What to produce: Using the listing below, retype exactly the lines starting at the one with "her lovely bridesmaids" and ending at the one with "#weddingflowers #weddingflorist #bridalbouquet", and include both.

Input records:
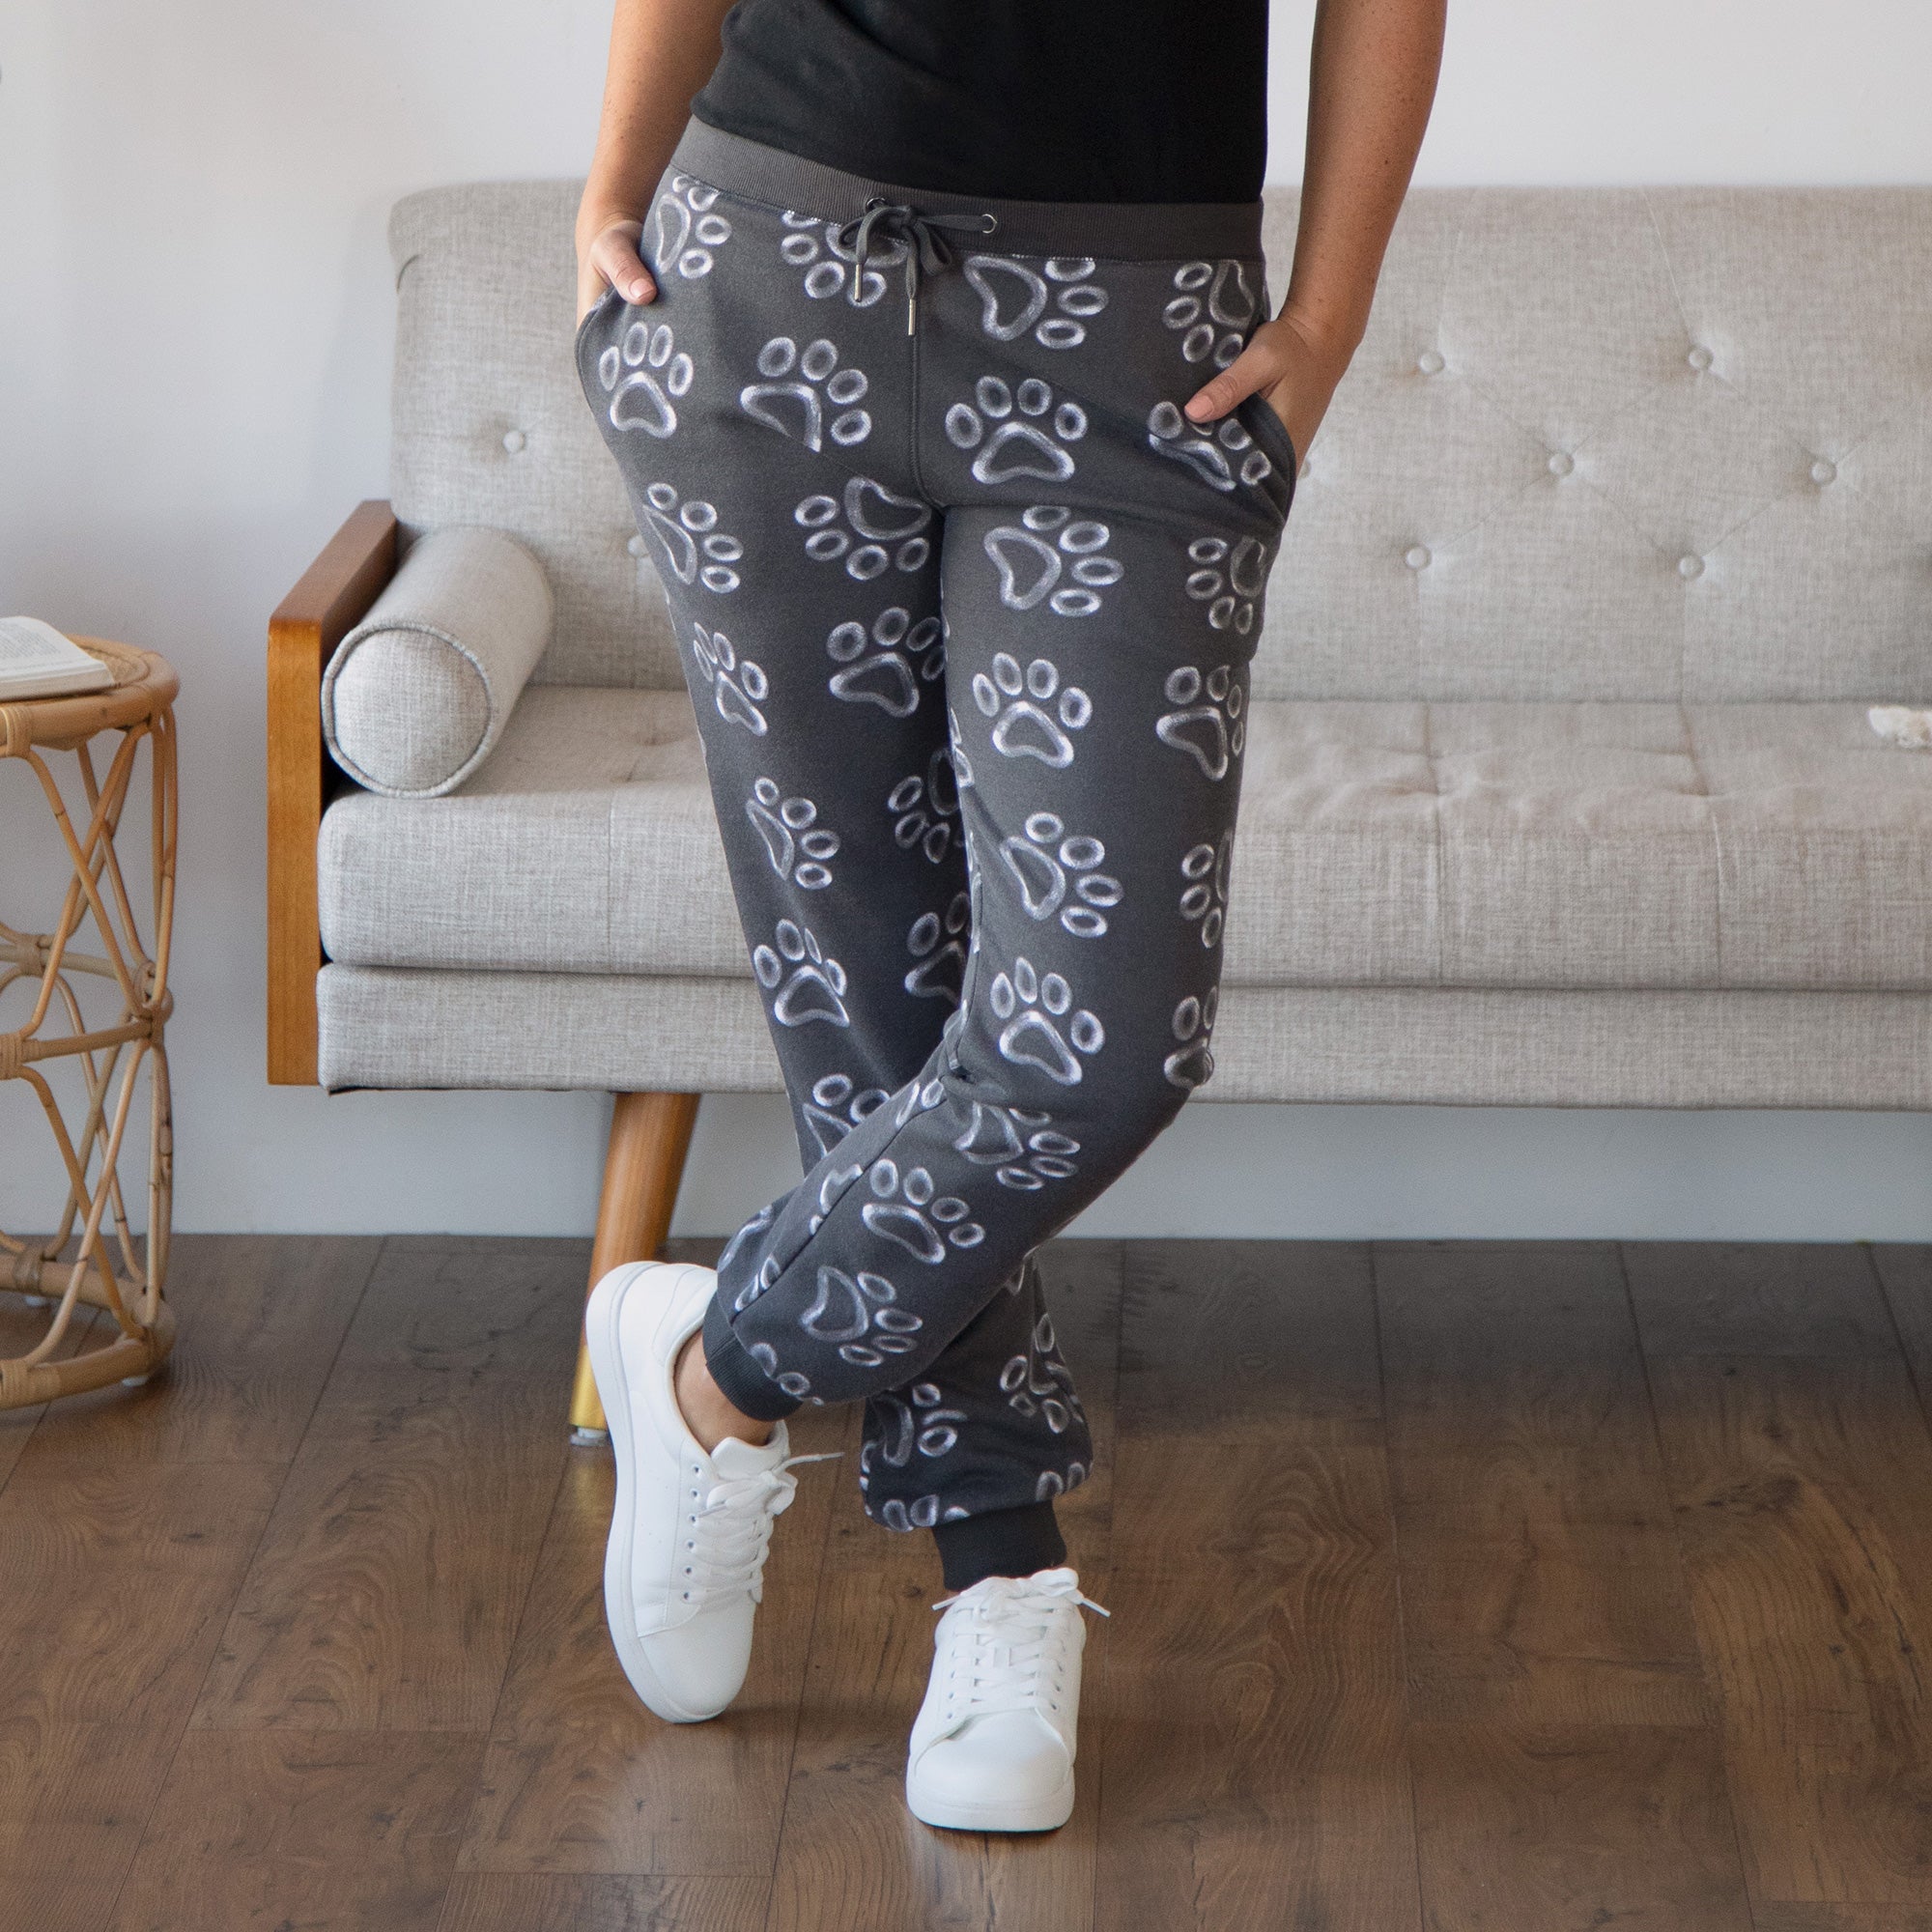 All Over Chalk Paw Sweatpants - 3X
---
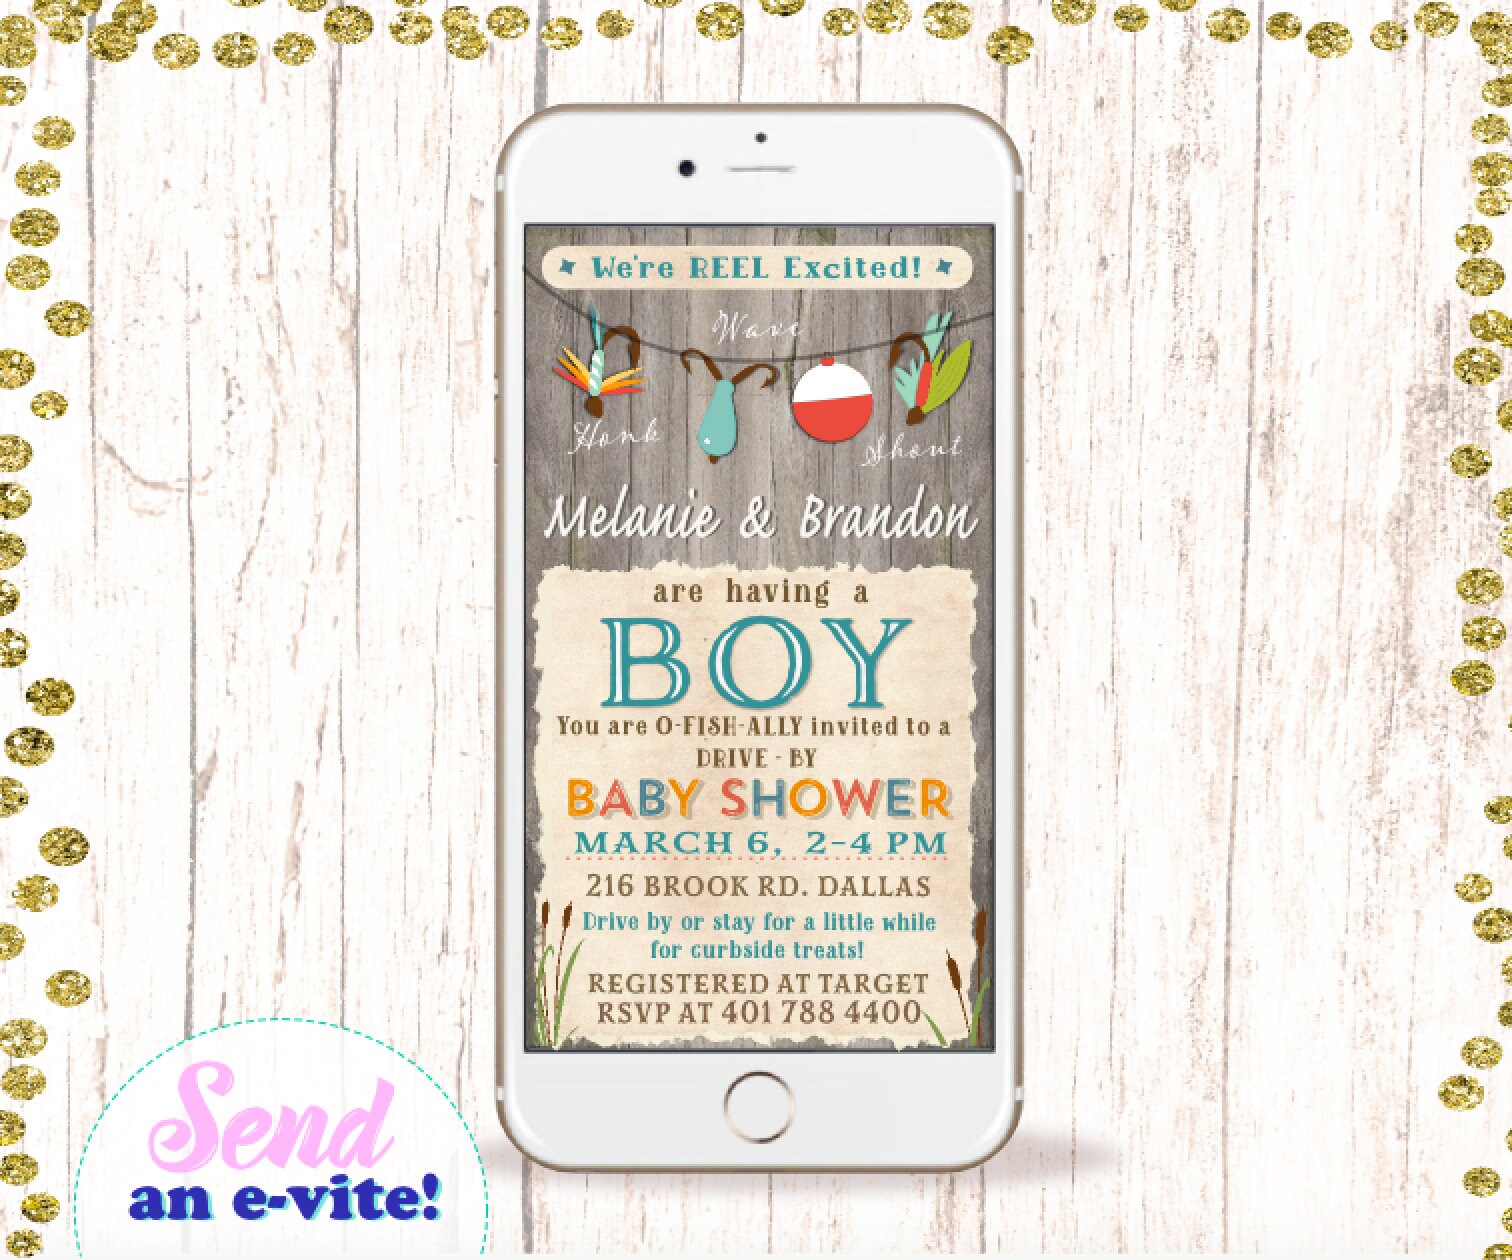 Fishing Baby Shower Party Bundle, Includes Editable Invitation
* * *
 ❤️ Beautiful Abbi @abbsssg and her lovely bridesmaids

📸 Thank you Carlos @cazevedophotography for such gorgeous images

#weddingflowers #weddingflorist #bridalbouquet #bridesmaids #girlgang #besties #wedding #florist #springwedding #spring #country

Written reply:
 ❤️ Beautiful Abbi @abbsssg and her lovely bridesmaids

📸 Thank you Carlos @cazevedophotography for such gorgeous images

#weddingflowers #weddingflorist #bridalbouquet #bridesmaids #girlgang #besties #wedding #florist #springwedding #spring #country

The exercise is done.